The Cost of Retirement Around The World
Retiring can be an exciting but also daunting prospect; it brings the end of your working life and begins your final years of being free to do whatever you please. In the past year, the topic of retirement has been hot. This was seen particularly in France this summer when a pension reform bill increased the retirement age from 62 to 64, causing mass riots.
By the year 2030, the World Health Organisation predicts that 1 in 6 people will be either 60 or older. Meaning a greater number of us will be retired or will be looking to retire in the near future.
To find out how the cost of retirement differs across the globe, we collated the cost of living without rent in 100 countries. We compared this figure with each country’s retirement age and average life expectancy. This was able to estimate how much money the average local would need to retire in their corresponding country.
Which countries are the most expensive to retire in?
Switzerland has the 7th highest GDP per capita in the world and is well known for its high cost of living. Excluding rent, it would cost a retiree an average of £1,040 per month to be able to live comfortably. With an average age of retirement of 64.5 (64 for women and 65 for men), and a life expectancy of 84.4 years, the average Switz would live on average for just shy of 20 years after they’ve stopped working. This equates to a total retirement fund of £248,102.
When you use the word ‘expensive’, usually Monaco won’t be mentioned far behind it. It is notorious for its casinos and marina; Monaco is often a popular location for the well-off in society to retire. A number of famous celebrities call Monaco their home, including former Formula One drivers Jensen Button and Nico Rosberg, along with music legend Bono. The principality hosts a Formula One street circuit as well as a world-renowned yacht show.
The average retirement age in Monaco is 65, compared to the average life expectancy of 87, which means that retirees live an average of 22 years post-retirement. Living in Monaco will set you back £806 per month without rent, which, over 22 years, totals retirement at £212,881 not considering future inflation.
Qatar has become a much bigger player on the world stage in recent years; having hosted the men’s FIFA World Cup in 2022, it hosted the event, which was watched by billions around the globe.
Compared to many other countries in our study, Qatar has a relatively lower cost of living, with £556 per person per month, before rent. However, locals here are able to retire from just 50 years old, with 25 years minimum service length required to apply for a pension.
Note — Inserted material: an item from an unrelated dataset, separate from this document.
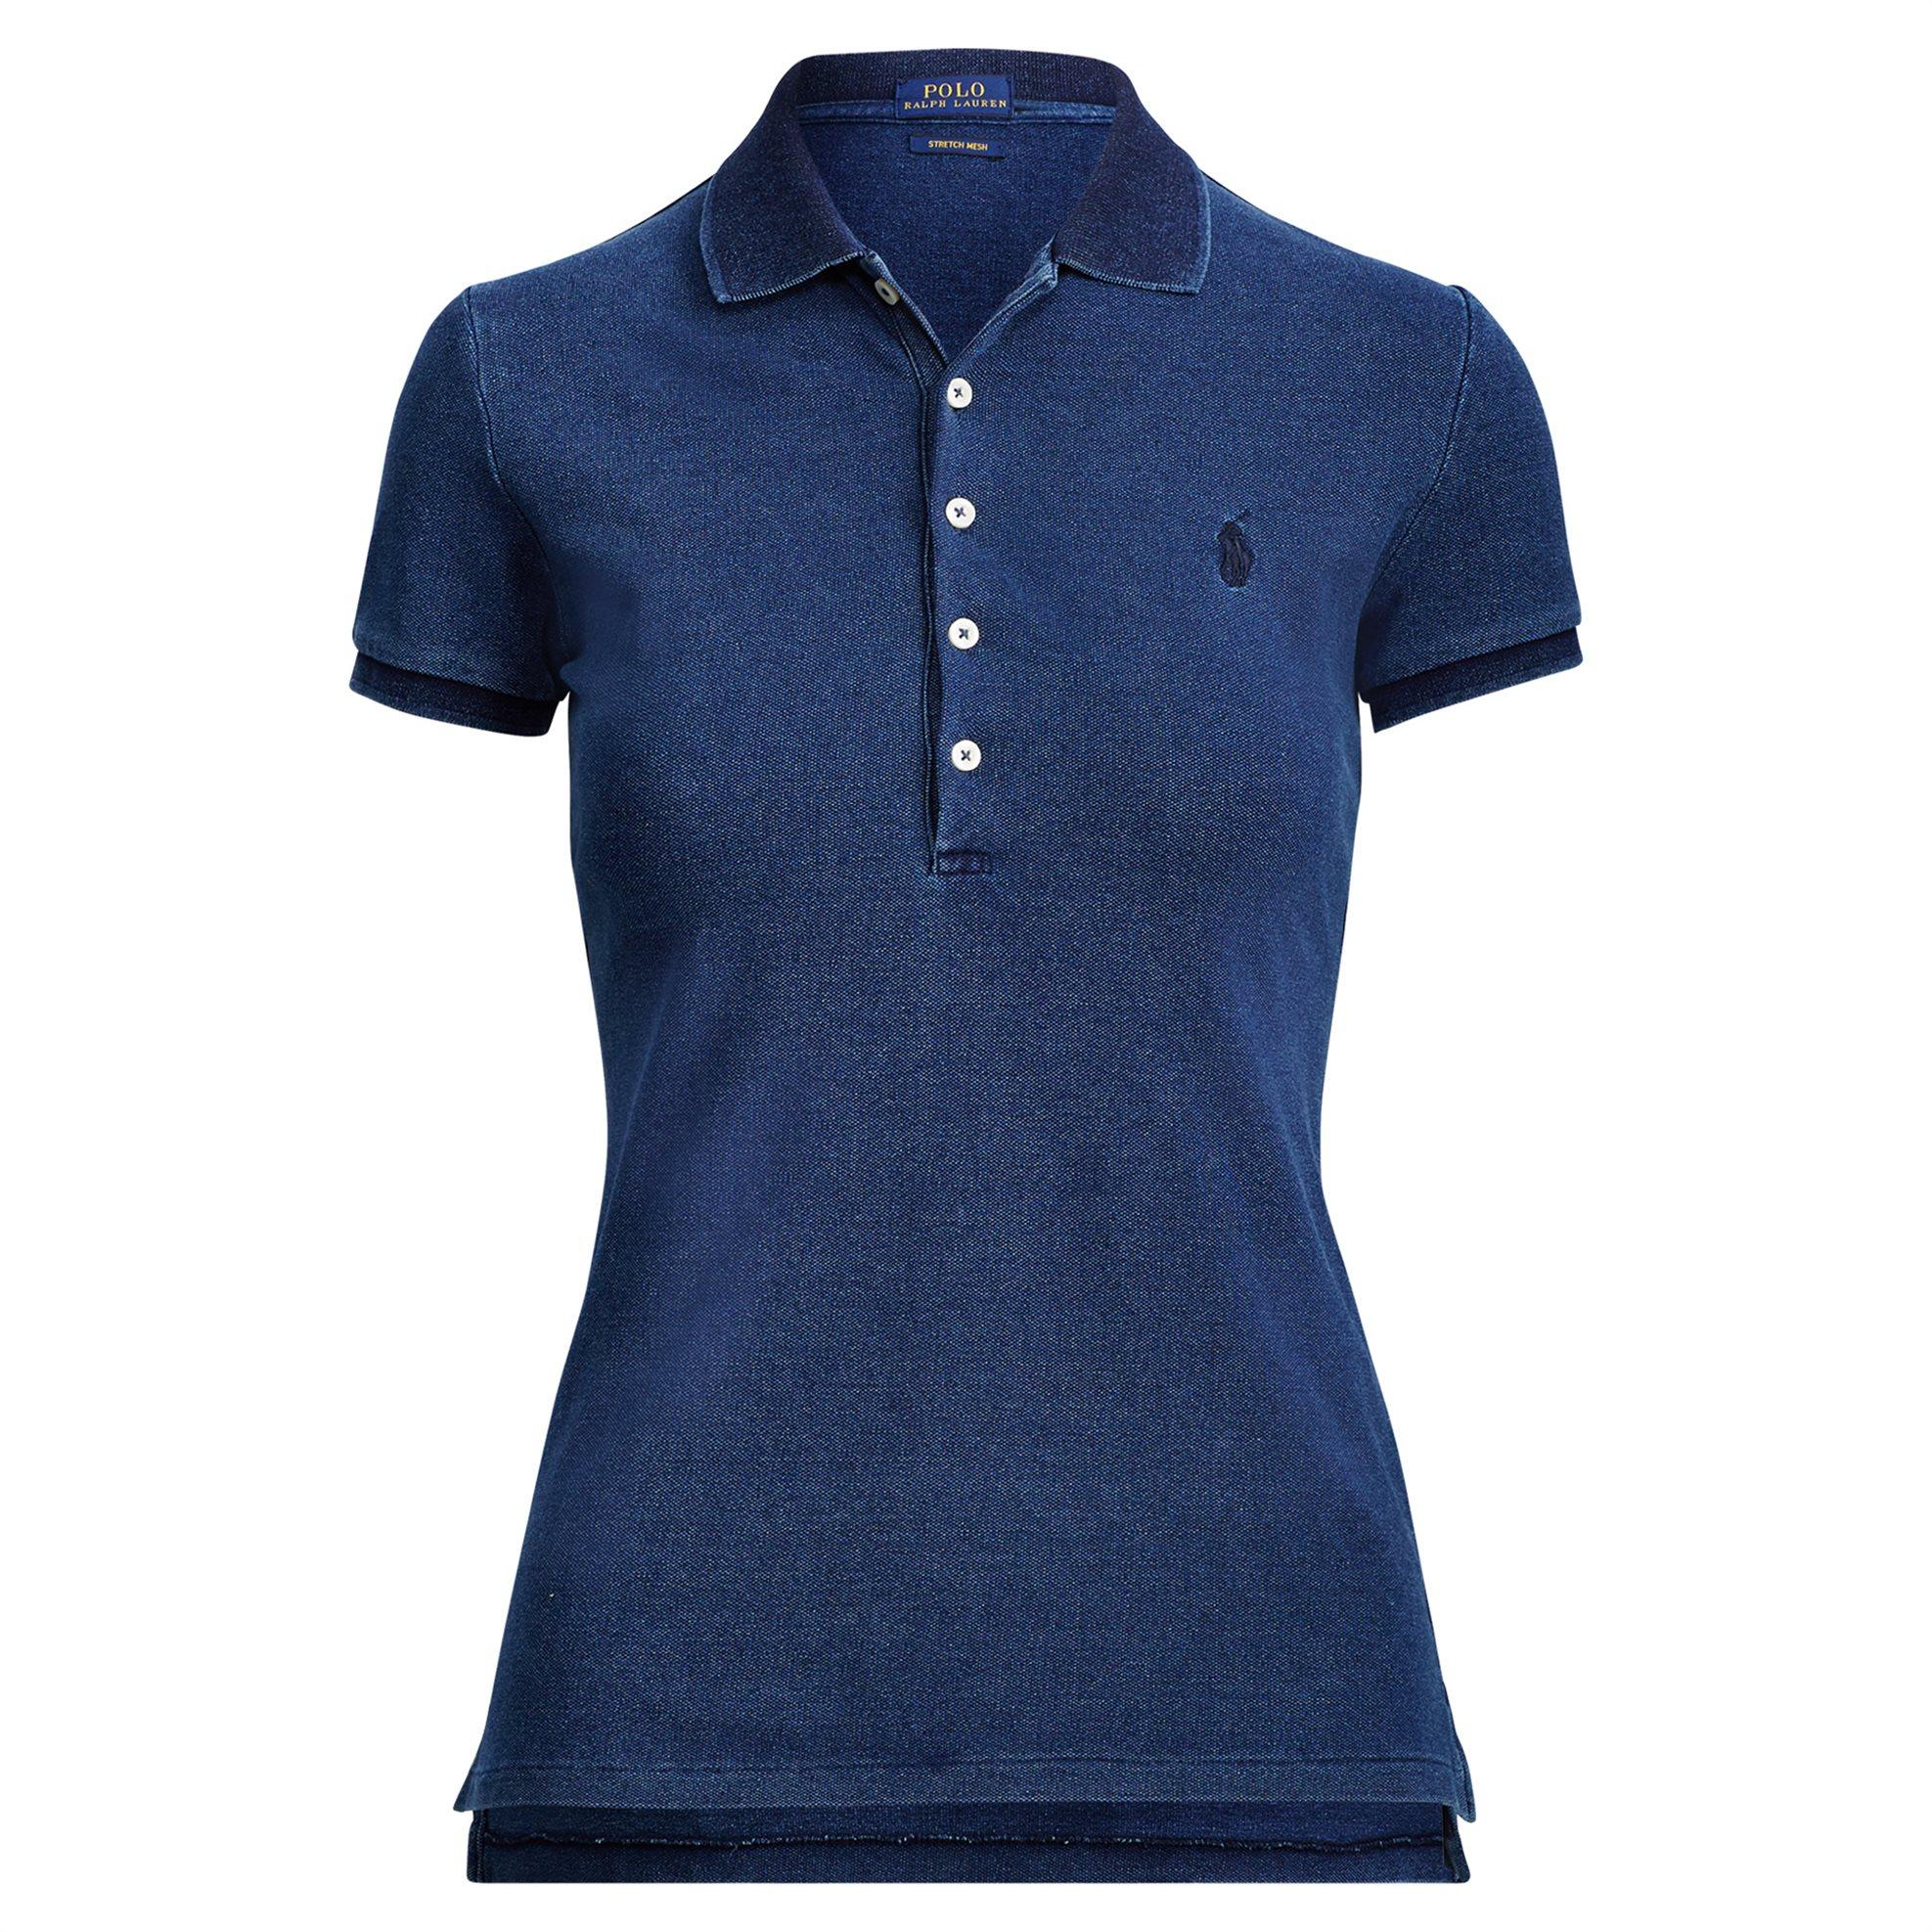 Polo Ralph Lauren γυναικεία μπλούζα Slim Fit Stretch Polo Shirt - 211505654102 - γυναικα   ρουχα   tops   μπλούζες   πόλο

When you compare the minimum retirement age with the country’s life expectancy of 81.7 years, retirees in Qatar live on average for just under 32 years, resulting in a retirement fund of £211,703.
How does the cost of retirement compare around the UK?
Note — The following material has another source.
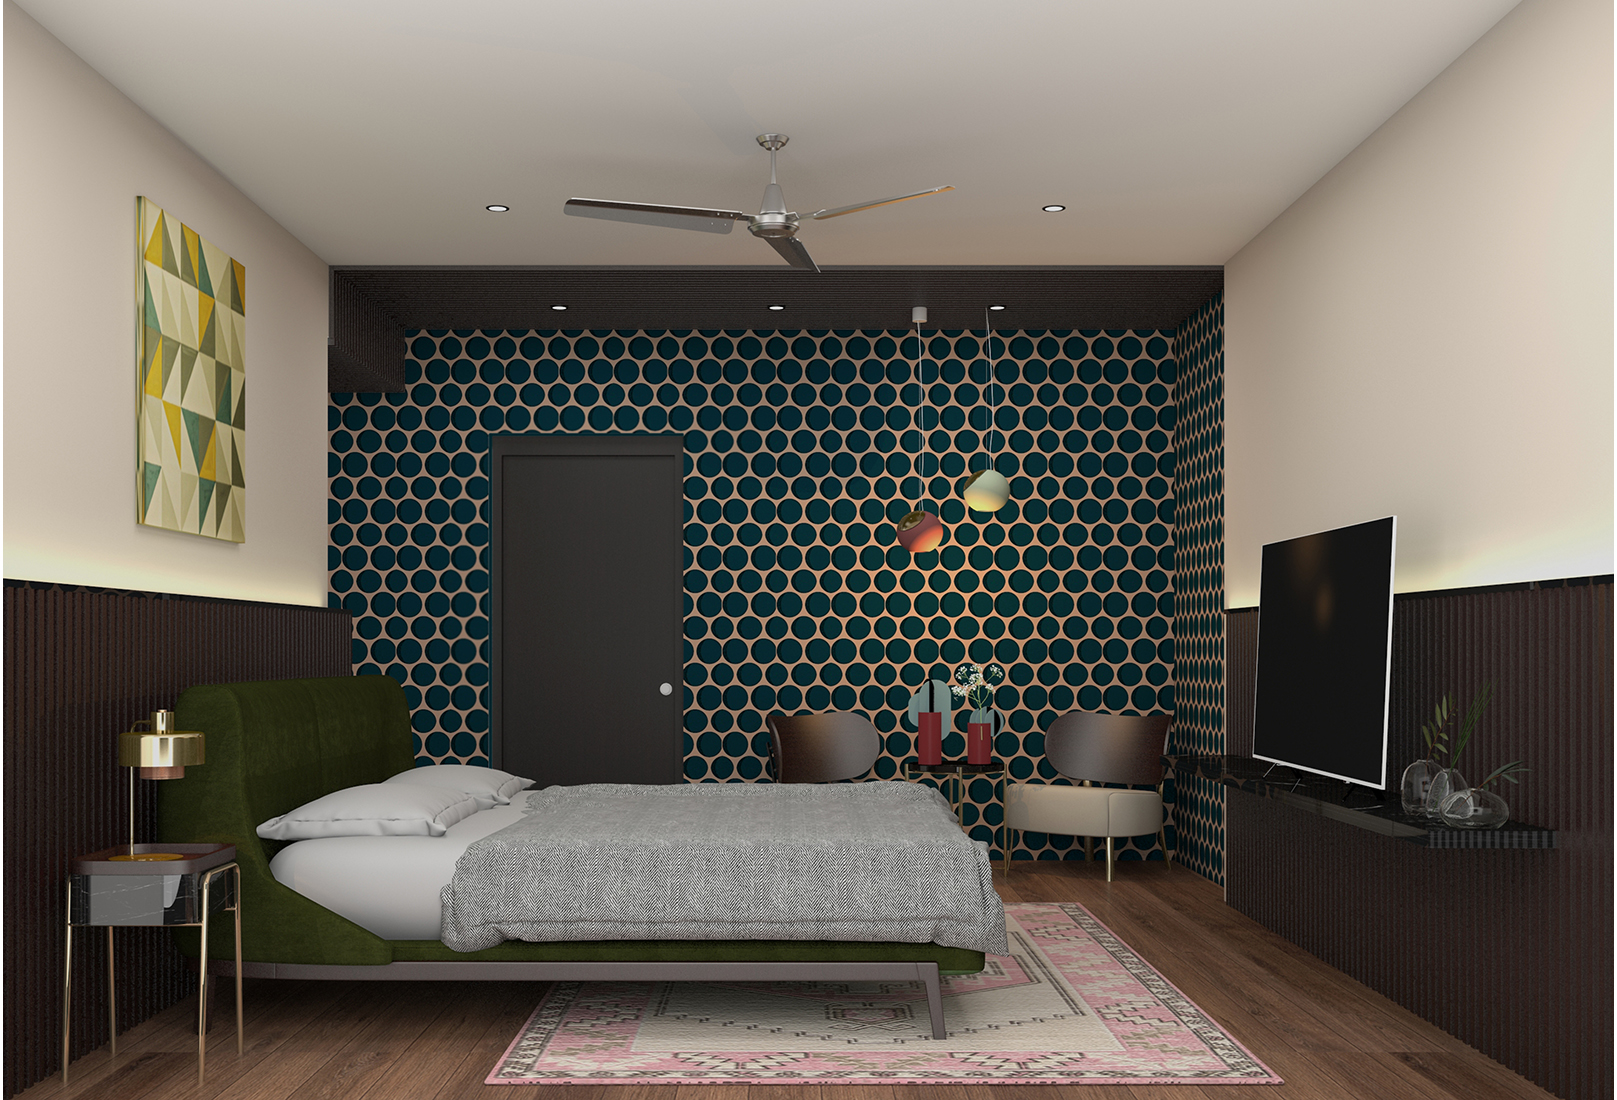 warp architects_svb's interiors (10).jpg

n the UK, the current state pension is £203.85 per week and can be claimed by people aged 66 or over. However, those born after 5 April 1960 will see a phased increase to 67 then to 68. A state pension works out to around £10,600 per year.
We compared the cost of living without rent in the top 100 most populated towns and cities in the UK to the current retirement age of 66, and life expectancy of 81 years old (79 for men and 82.9 for women), to find out the most expensive places to retire in the UK.
Our study places London in top position, with the cost of living before rent in the capital totalling £1,039 per person per month. Brits looking to retire in London would accumulate an average retirement pot of £187,020 over 15 years post retirement, or £423,912 if they live to 100.
Leeds is the most expensive place to retire outside of London, with the current cost of living costing the average person £843 per month. This equates to a retirement fund of £151,740, just 23% cheaper than London.
The South East of England ranks as a particularly expensive hub to retire, with seven out of the top 20 towns and cities on our list being located there. These include Greater London, City of Westminster, Maidstone, Chelmsford, Eastbourne, Brighton and Worthing.
Outside of England, our study has unveiled Glasgow as the most expensive place to retire in Scotland; they rank 14th overall in the UK, with a cost of living of £767 per month without rent. Brits looking to retire in Glasgow will need to set aside £312,936 over the course of 15 years to retire here.
When it comes to the most affordable towns and cities to retire in the UK, 14 out of the top 20 are in the North of England. The divide between the north and south has been heavily debated for decades, as this top 20 list only sees two southern locations in Harlow and Slough, respectively.
St Helens, located between Liverpool and Manchester, has been revealed as the most affordable place to retire in the UK. There’s an 84% price difference between retiring there and retiring in London. North West neighbours Rochdale and Preston make up the rest of the top three most affordable.
Outside of England, Aberdeen was the only Scottish location to make the most affordable list, with a retirement fund of £117,000. Whilst there were no locations in Wales and Northern Ireland in the top 20.
We began our study by collating the cost of living all countries and the top 100 most populated UK locations from livingcost.org. We then sourced the average life expectancy between men and women from worldometer, and compared this to each country’s minimum retirement age which was cross referenced through manual research. Where a location’s data was not complete, it was excluded from our final ranking.
By comparing each country’s minimum retirement age with its cost of living, we were able to determine how many years the average local would live post retirement. Retirement fund considers ‘cost of living’ x ‘years lived post retirement’.